Principalmente, si tratta degli interessi religiosi e politici del Tibet. Due terzi della mia vita sono già trascorsi e non c’è dubbio che sarò in grado di completare felicemente la parte restante. Ma, qualunque sia il caso, ognuno deve pensare ai più ampi interessi religiosi e politici del Tibet. Le grandi masse del popolo tibetano hanno riposto grande fiducia in me ed io, allo stesso modo, ho nei loro confronti un legame di preghiera ed un giuramento karmico.

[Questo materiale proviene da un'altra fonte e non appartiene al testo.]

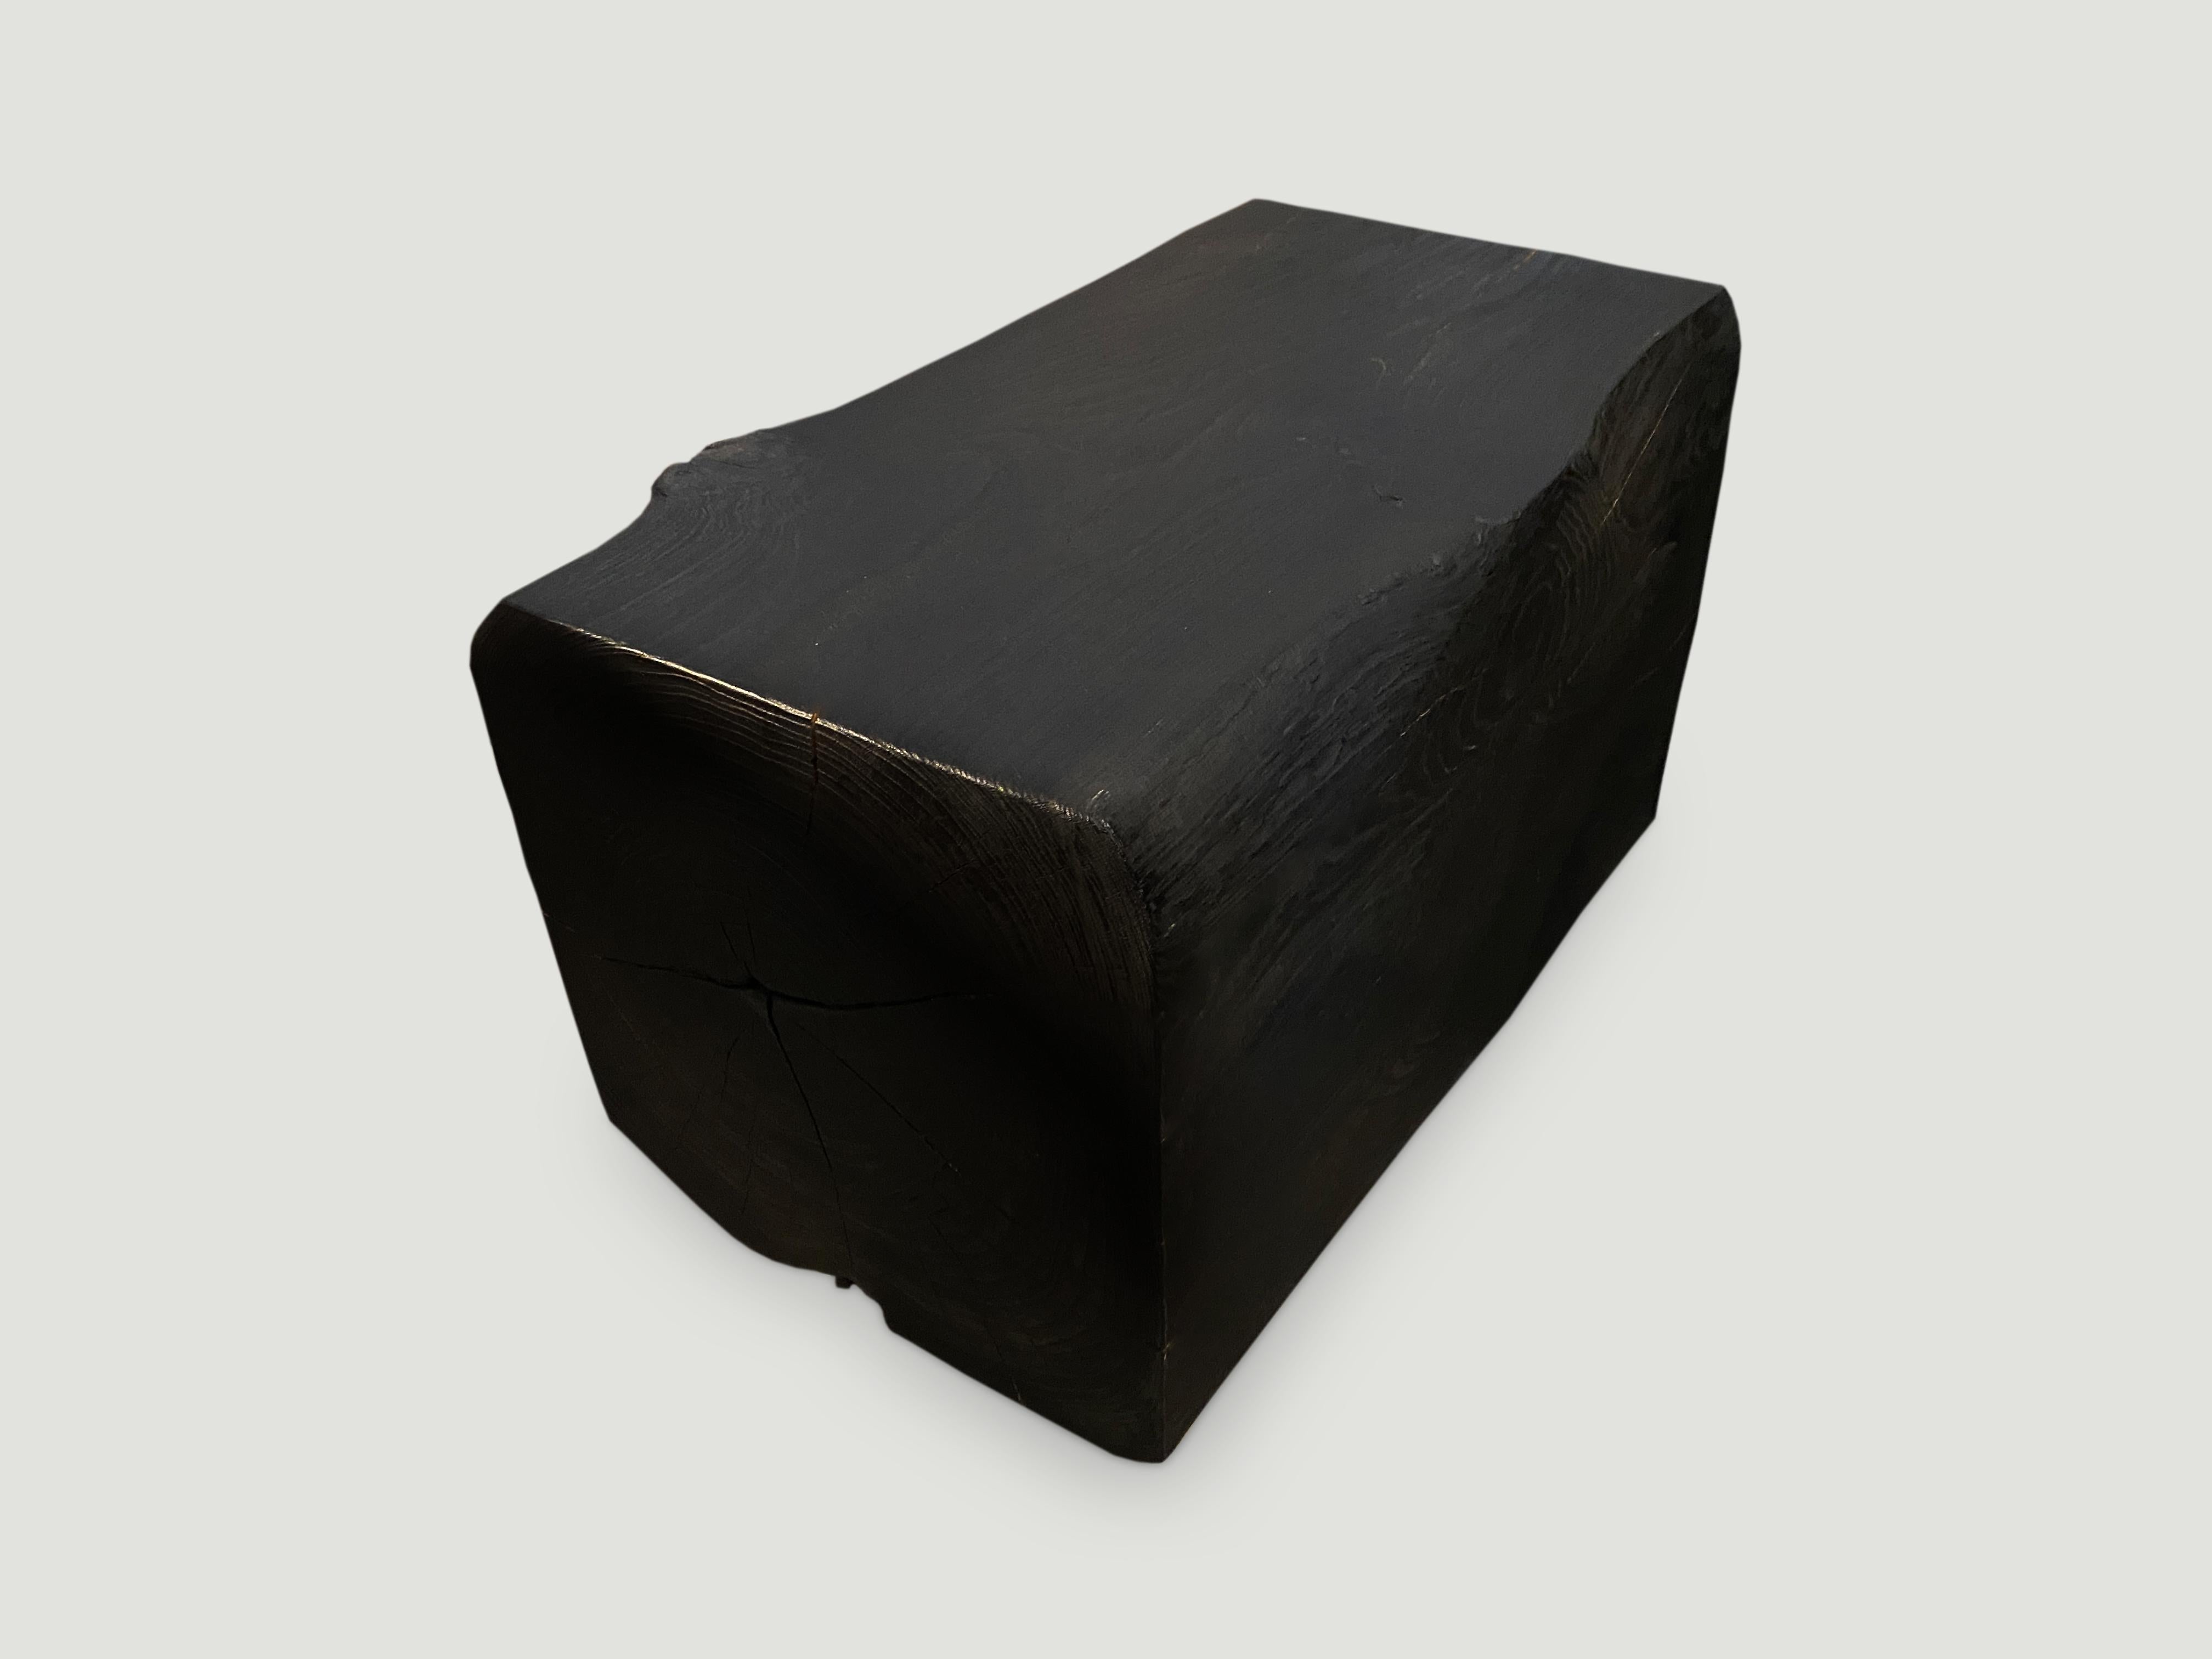 Andrianna Shamaris Charred Teak Wood Log Bench or Coffee Table In Excellent Condition For Sale In New York, NY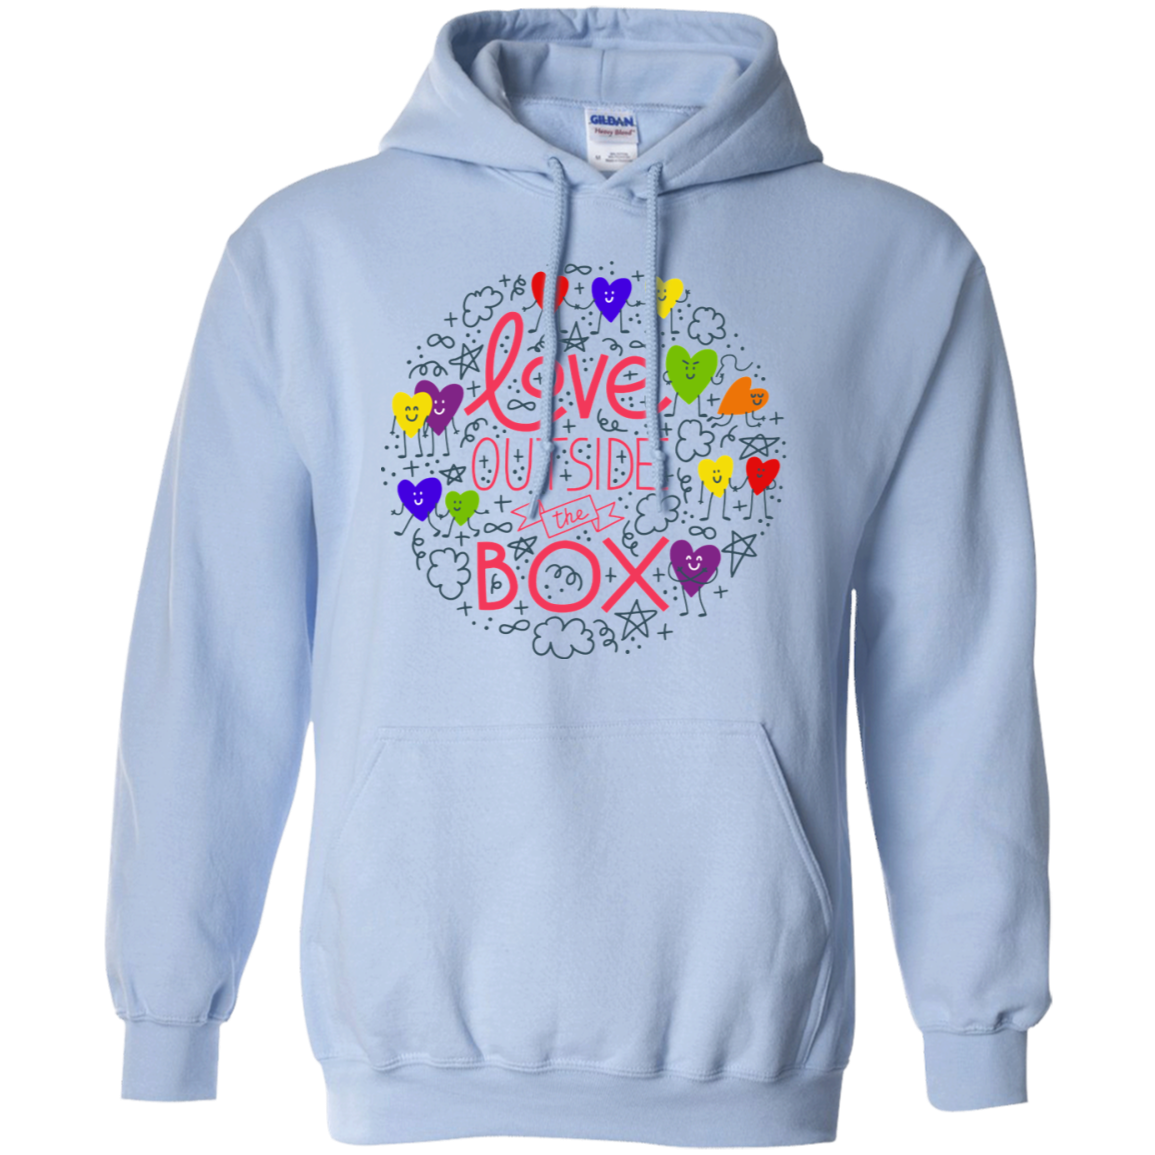 Love Outside The Box T-Shirts

Perciò, ho il dovere di offrire loro una guida sulla base di ciò che è giusto e ciò che è sbagliato per la questione in dibattito. Osservare o no tali norme è nelle vostre mani.

Avete capito?

Il precedente Zong Rinpoche era un ardente praticante di Dolgyal. Ho anche dovuto scrivergli su questo tema quando era vivo. La sua reincarnazione, che è qui con noi oggi, ha usato la sua capacità di discriminazione tra il bene e il male, e, al fine di evitare degli errori su ciò che è nel suo interesse o di svantaggio immediato ed a lungo termine, e per il bene della e causa del Tibet sia sul piano politico che religioso, svolge le sue pratiche con cura per evitare errori. E’ giusto che di fronte a questo incontro di oggi Rinpoche è giunto alla via della perfezione. Si merita giustamente lode, congratulazioni e l’apprezzamento per aver preso la decisione di adeguarsi.

La gente del Paese delle Nevi del Tibet attualmente distingue tra quelli dentro e fuori del paese. Anche se coloro che sono venuti dal Tibet devono gradualmente tornare a casa volentieri e con gioia, nella madrepatria non c’è libertà. La situazione attuale è triste per tutti. Tuttavia, non durerà troppo a lungo prima di quelli dentro e fuori il Tibet potranno sicuramente riunirsi. Continuo a pregare per questo e invito tutti a tornare a casa con la felicità nella vostra mente. Il mio Tashi Deleg a tutti voi.